# [WHAT TO WORK ON]
Return all of the data exactly as written, without the pictures.
*** Opening of DATA ***
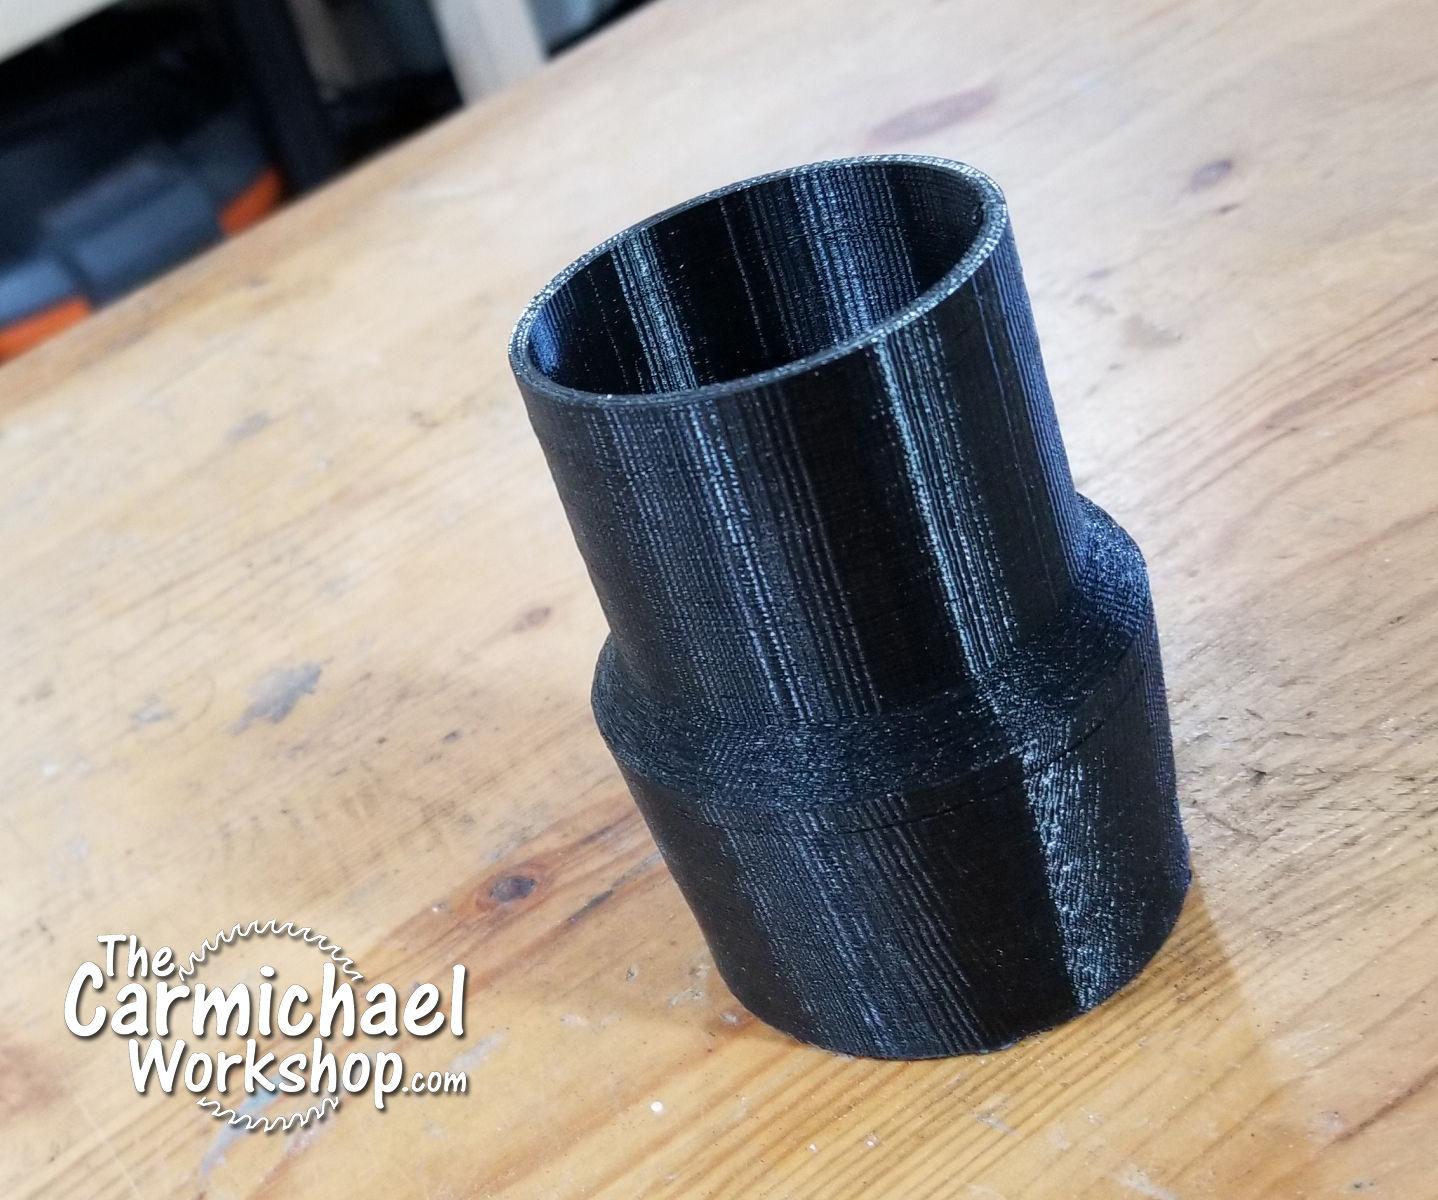 3D Print a Shop Vac Hose Adapter
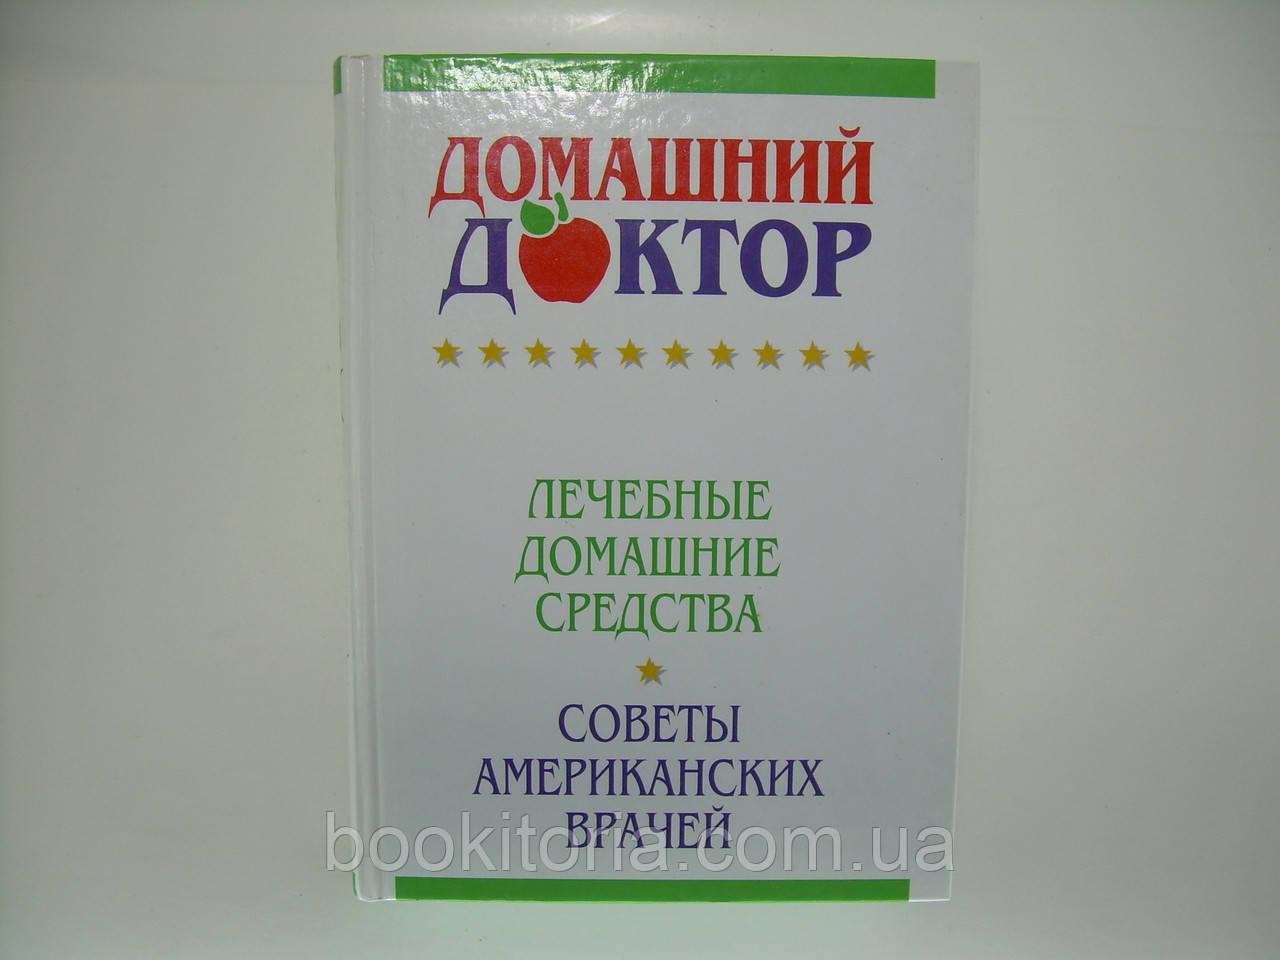 Домашний доктор. Лечебные домашние средства (б/у).
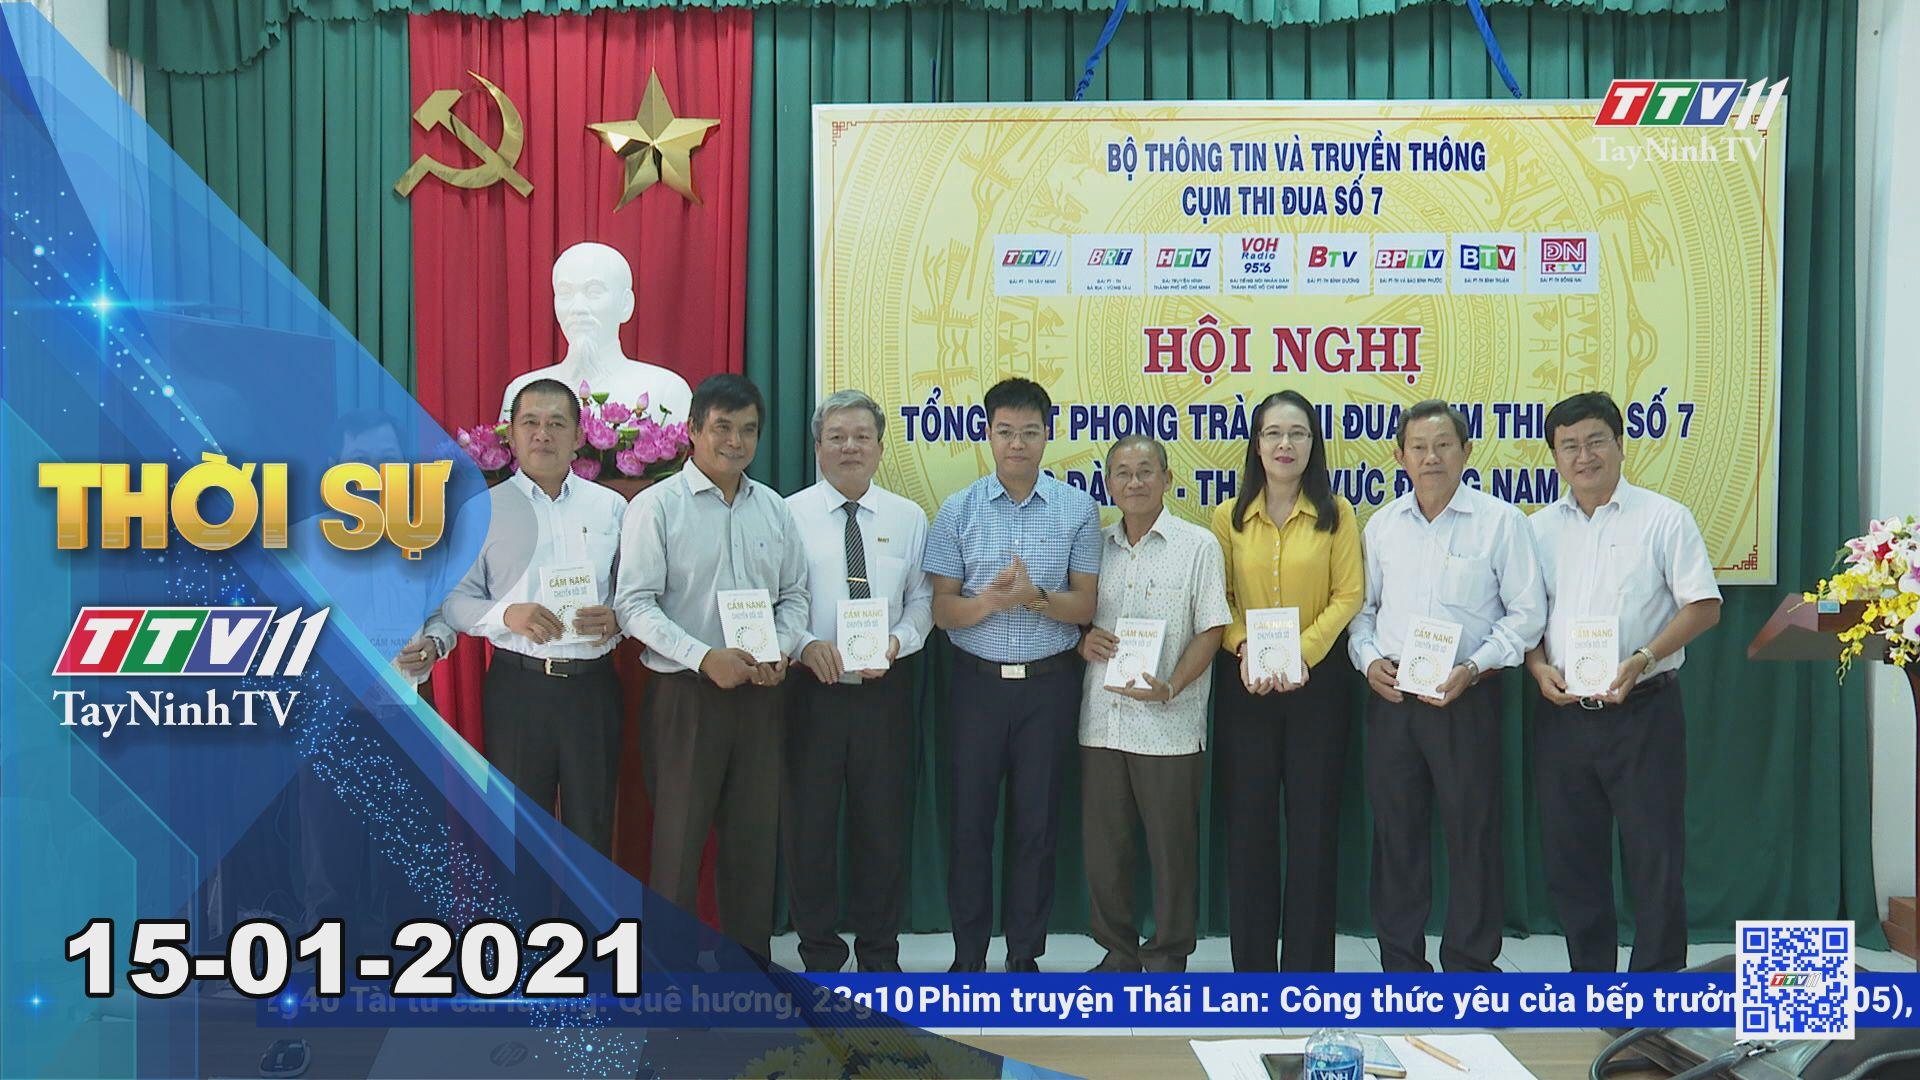 Thời sự Tây Ninh 15-01-2021 | Tin tức hôm nay | TayNinhTV
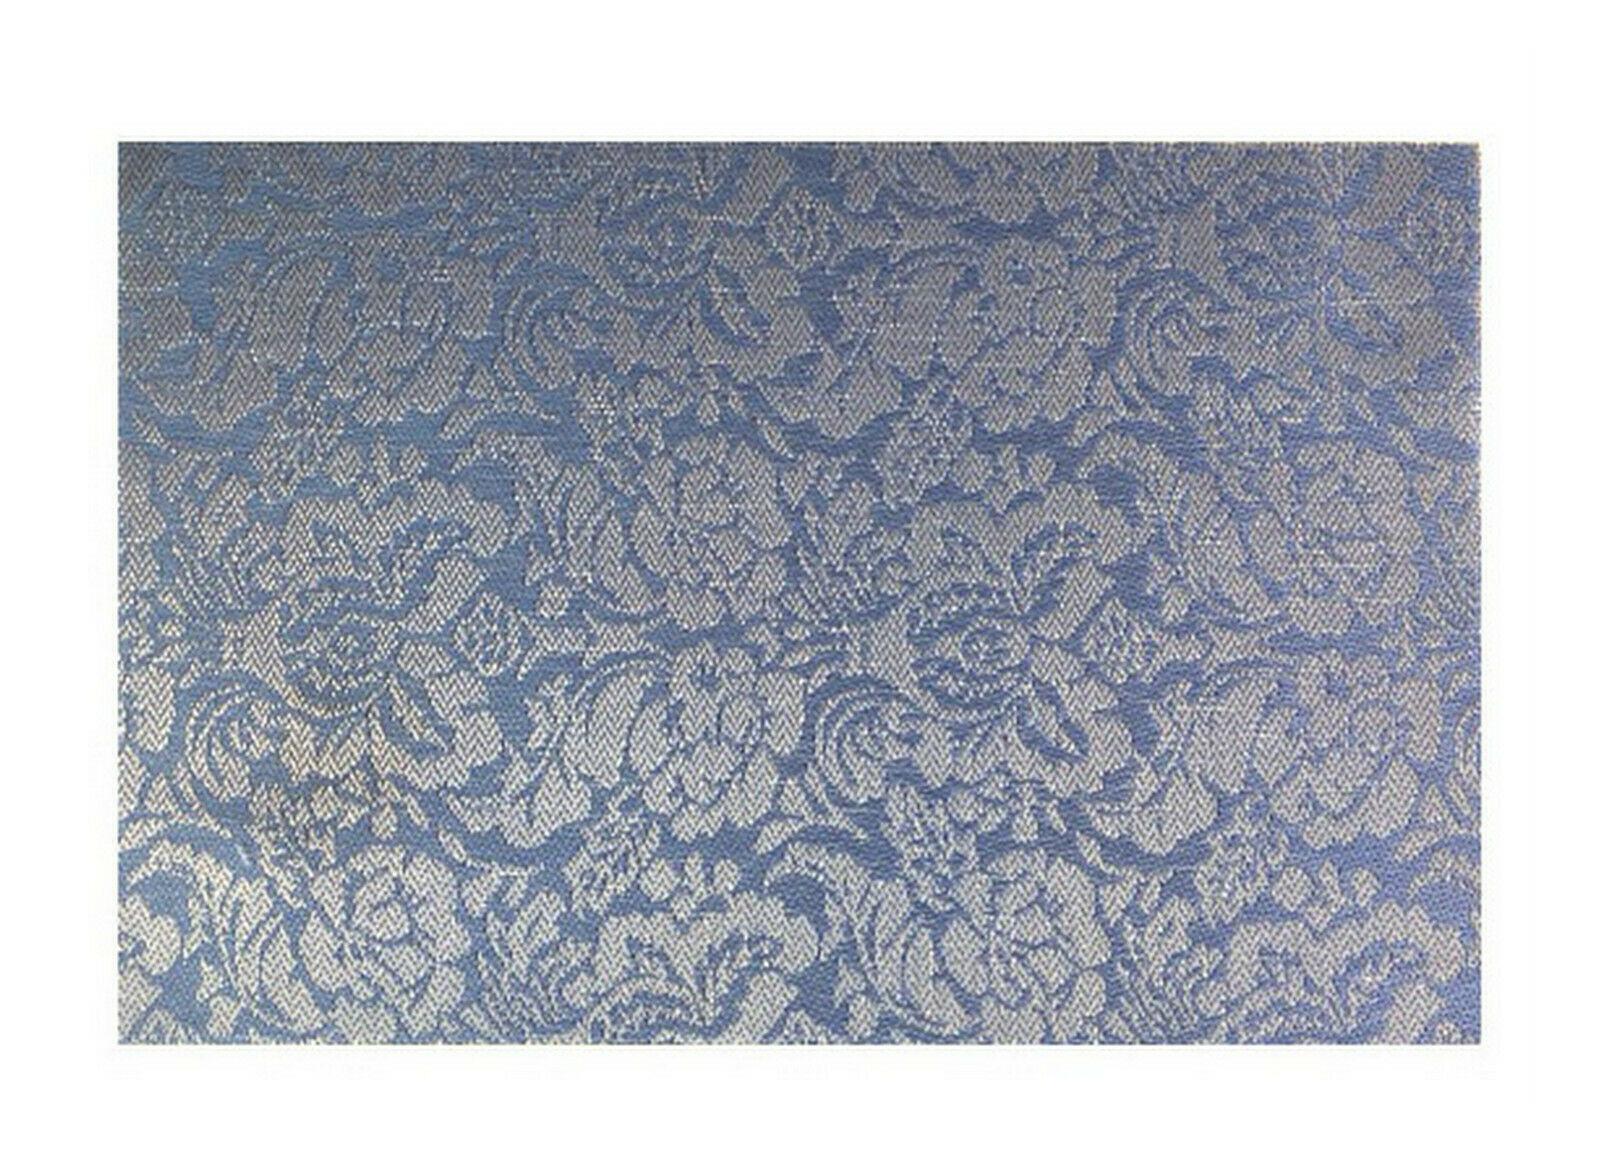 Tischset Platzdeckchen Platzset 45x30 cm abwaschbar Kunststoff PVC versch. Motiv - Blumen Design (Blau-Silber)
*** Close of DATA ***
# [ANSWER]
 3D Print a Shop Vac Hose Adapter
 Домашний доктор. Лечебные домашние средства (б/у).
 Thời sự Tây Ninh 15-01-2021 | Tin tức hôm nay | TayNinhTV
 Tischset Platzdeckchen Platzset 45x30 cm abwaschbar Kunststoff PVC versch. Motiv - Blumen Design (Blau-Silber)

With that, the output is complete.